Okay, not sure where to start.
For background, we've been together over 10 years, married 5. We have a 6 month old DD. Sex life prior to DD was good, fairly frequent (a couple of times a week). Since DD, sex has been much more infrequent, maybe one a week, still good, initiated mostly by him, but also by me sometimes. If I say no, it's always accepted.
Have some post-birth damage, but healing well.
So, had a look through his computer desk drawer today (looking for my out of date passport, so I can renew it) and found a male masturbator. An ass one. We'd been enjoying anal during my pregnancy, but due to damage, it's a no-go area at the moment.
So, I believe this was delivered on Saturday, (along with my Valentine's present!). My surprise was that was in his computer drawer, as he has a masturbator I got him previously, and this lives in his bedside table draw, along with our condoms /lube.
So, I had a look on his computer, and there is a recently bookmarked webpage of images of women holding up their clothes and flashing. They are skinny, well groomed and everything I'm not. I'm overweight, scruffy and covered in baby sick most of the time. I love my daughter, but my self confidence is rock bottom.
I can't see any other dodgy websites he's visited.
So what do I do? He is a gentle, kind man, but I feel so sick. I know it isn't much on the scale of online poon, but I've just got this horrible feeling in my stomach. I tend to go to bed at about 9 or 10, as our DD doesn't sleep well.
Do I approach him about it? Bring up how I feel about looking at naked women in a conversation (how?)
Am also not sure how I approach this evening.
Thing is, if he'd said something about it, I would have tried to help out.
Help!

Vebrithien Tue 14-Feb-17 13:21:09

Online poon? I (of course) meant porn.

EmilyRosanne Tue 14-Feb-17 13:23:01

If you previously bought him a masturbator I'm confused that him looking at naked images is the issue?
If I bought something like that for a man (presumably for use when you aren't around/not in the mood) I would expect him to use some form of stimulation with it?

Not that you have to put up with it or anything but he may think you would be completely okay with this?

Vebrithien Tue 14-Feb-17 13:41:13

I can see your point, but as far as I know, it had only ever been used when I was using it on him.
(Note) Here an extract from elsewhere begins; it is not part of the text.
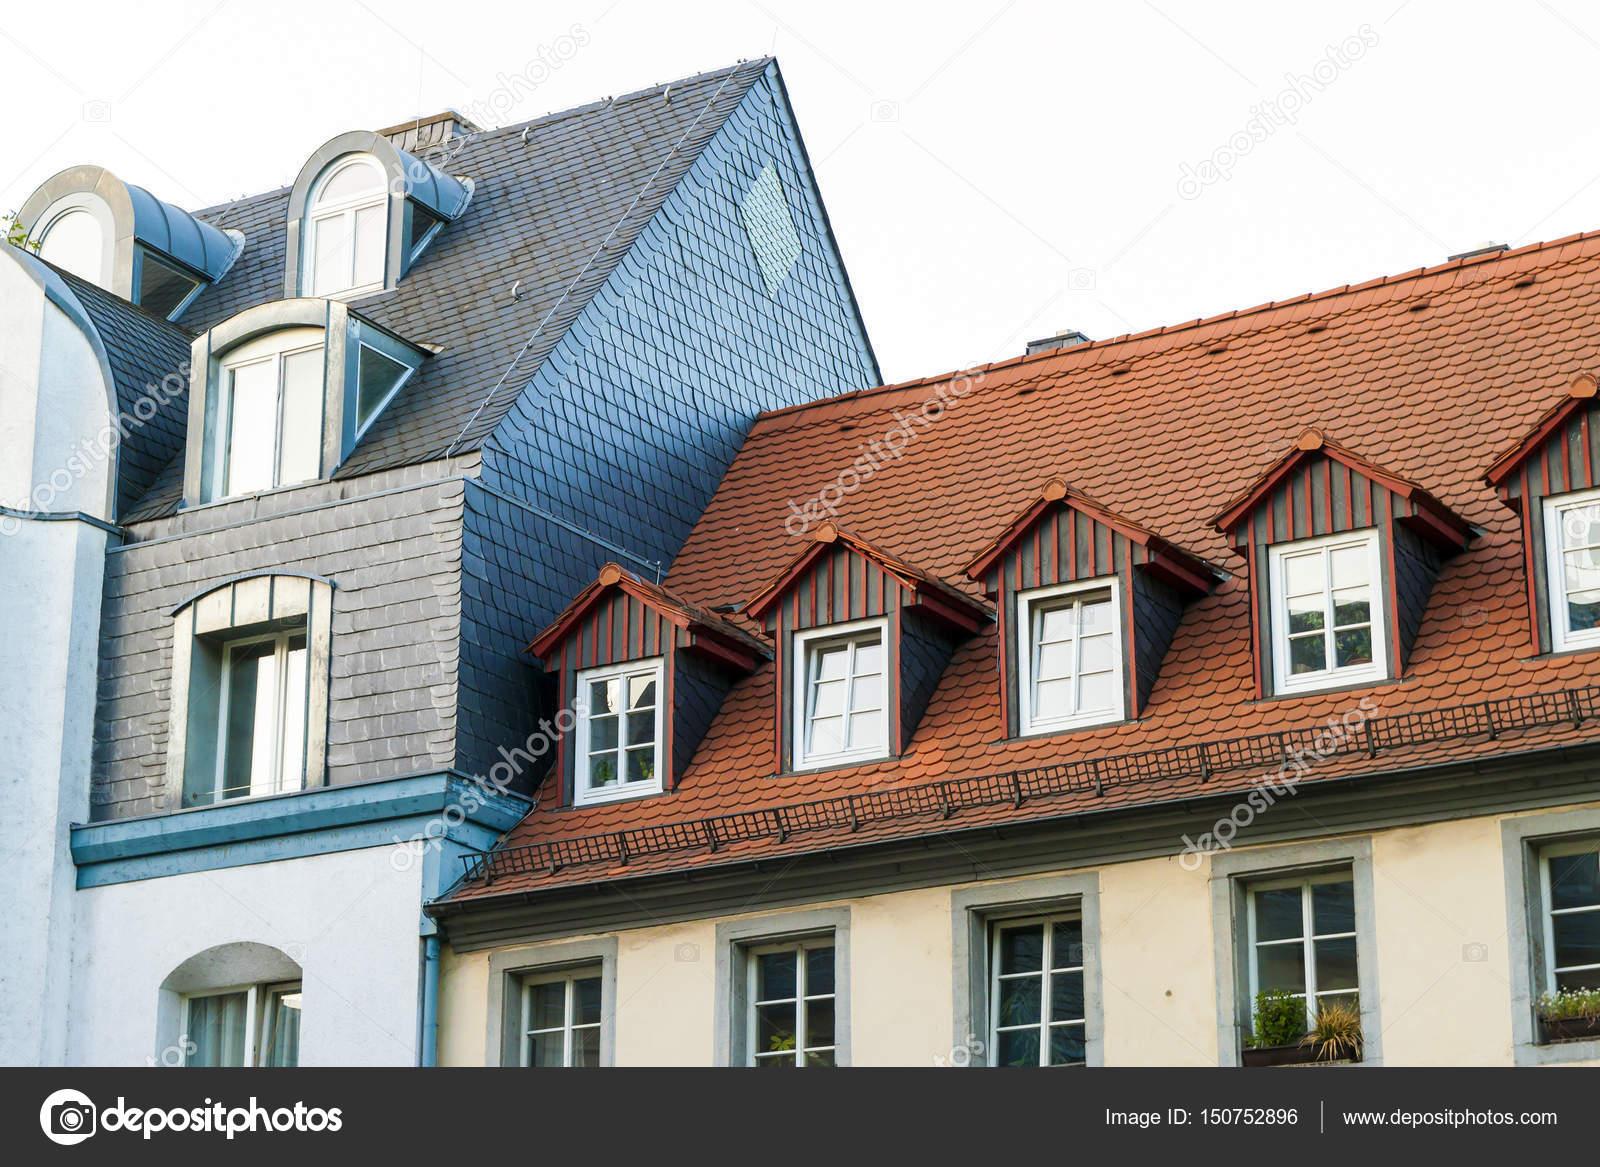 Techos de casas con ventanas de tejado y tejas naranja g — Fotos de ...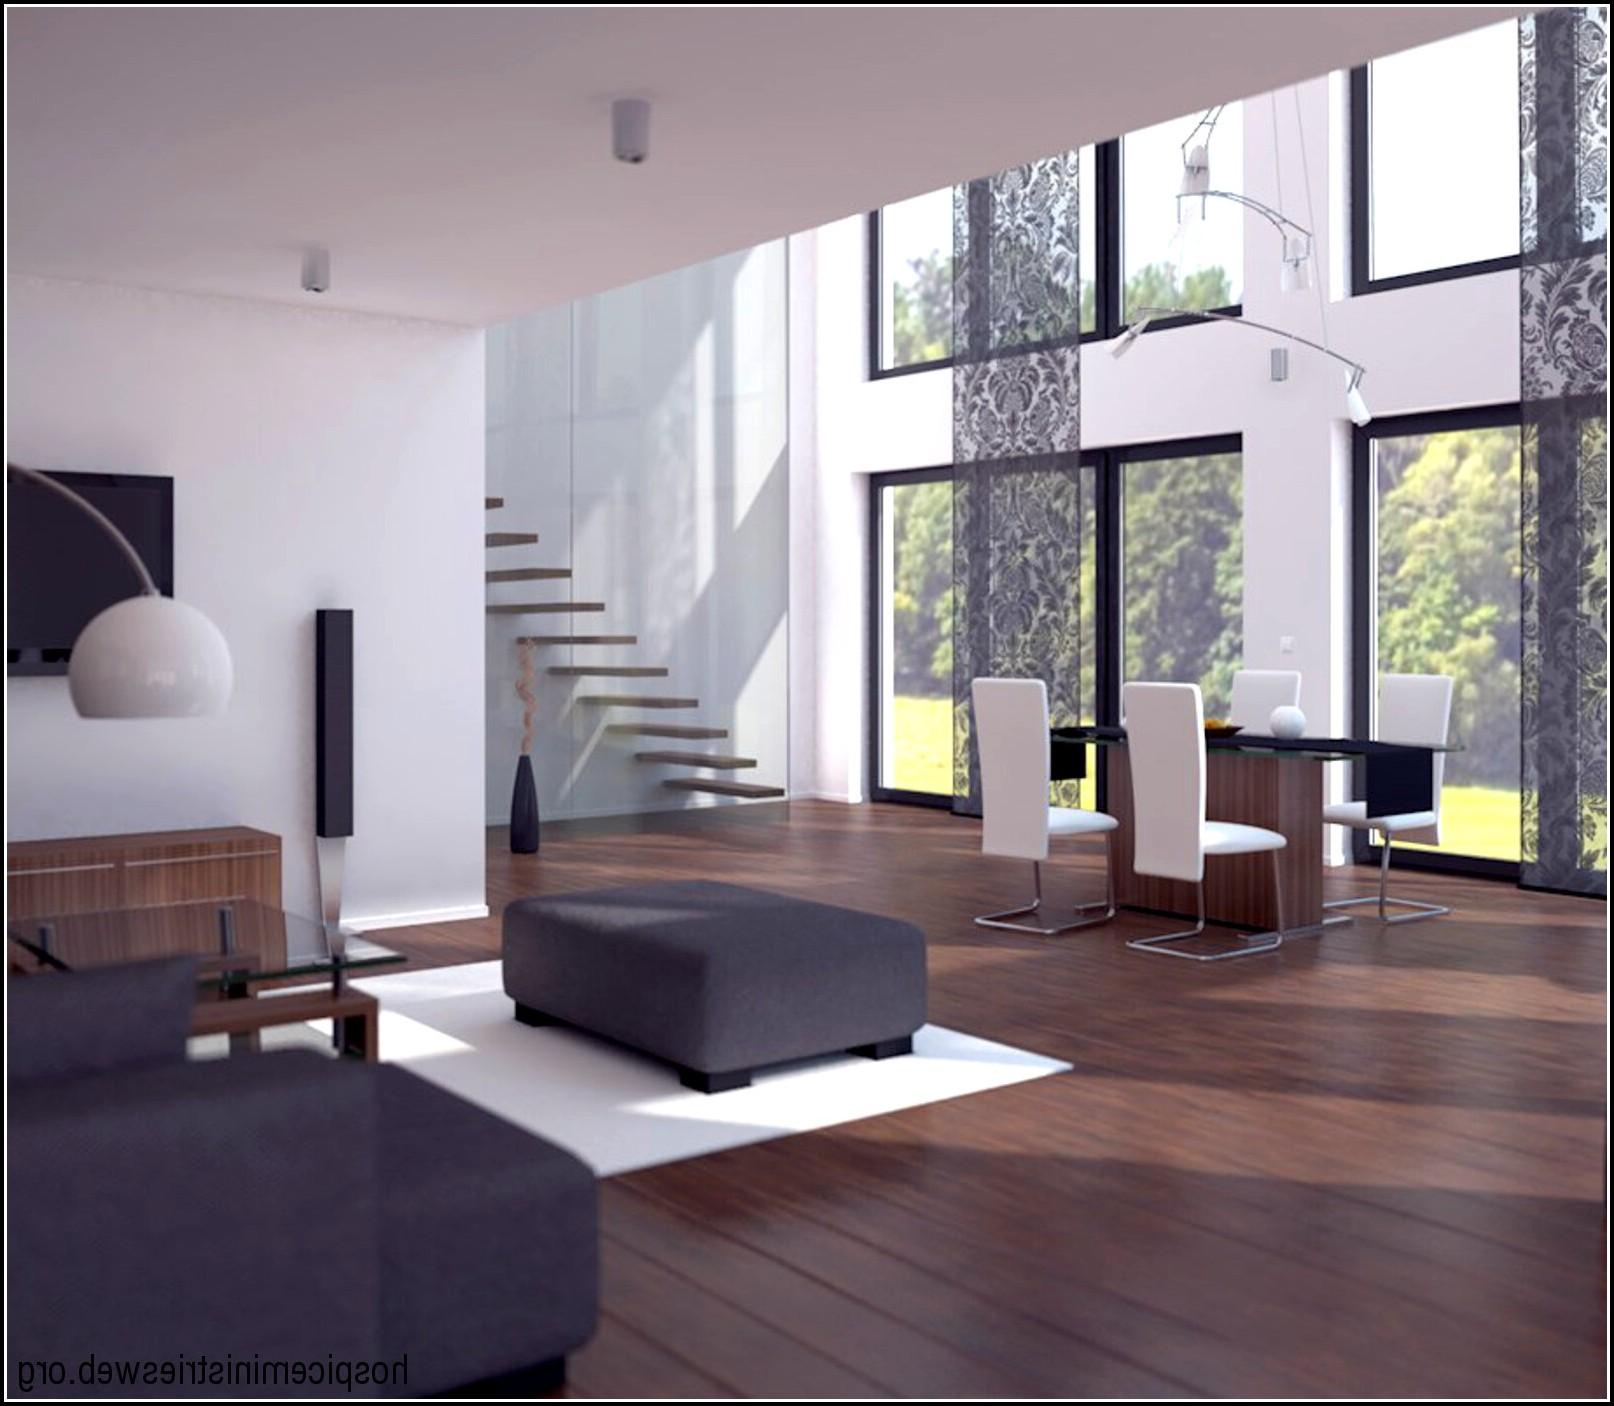 Moderne wohnzimmergestaltung bilder wohnzimmer house for Moderne wohnzimmergestaltung

It was bought a year ago, as I was nervous of pregnancy sex, and we used it a few times, then when sex felt ok again, it hasn't left his bedside table drawer. I'd have had no problem helping him out, if he'd said something, but I just feel so low compared to what he'd been looking at. Feels like I've been punched in the stomach, which probably seems like an overreaction, I don't know how to approach it.

piefacerecords Tue 14-Feb-17 13:48:44

I agree that if you were previously happy to buy him the masturbator thing, he probably would assume you were ok with that kind of thing. Lets face it, everybody masturbates - does it make any difference if it's his hand or that thing?

Re the pics - personally the wouldn't bother me - from what you say it's not really on the porn scale. But having said that, if it bothers you then you have every right to feel that way and if he's as good a man as you say he is, he will understand.

I think the crux of this is that you have a new baby, your confidence is low and you're knackered. And you're now comparing yourself to these 'perfect' bodies on the internet. Tell him how it makes you feel - I bet he'll be mortified that he's made you feel that way flowers

MyheartbelongstoG Tue 14-Feb-17 13:53:06

So he can only look at porn or use bum thing if you're with him?

MyheartbelongstoG Tue 14-Feb-17 13:53:50

He hasn't made her feel that way.

piefacerecords Tue 14-Feb-17 14:19:51

I think he has unintentionally made her feel that way.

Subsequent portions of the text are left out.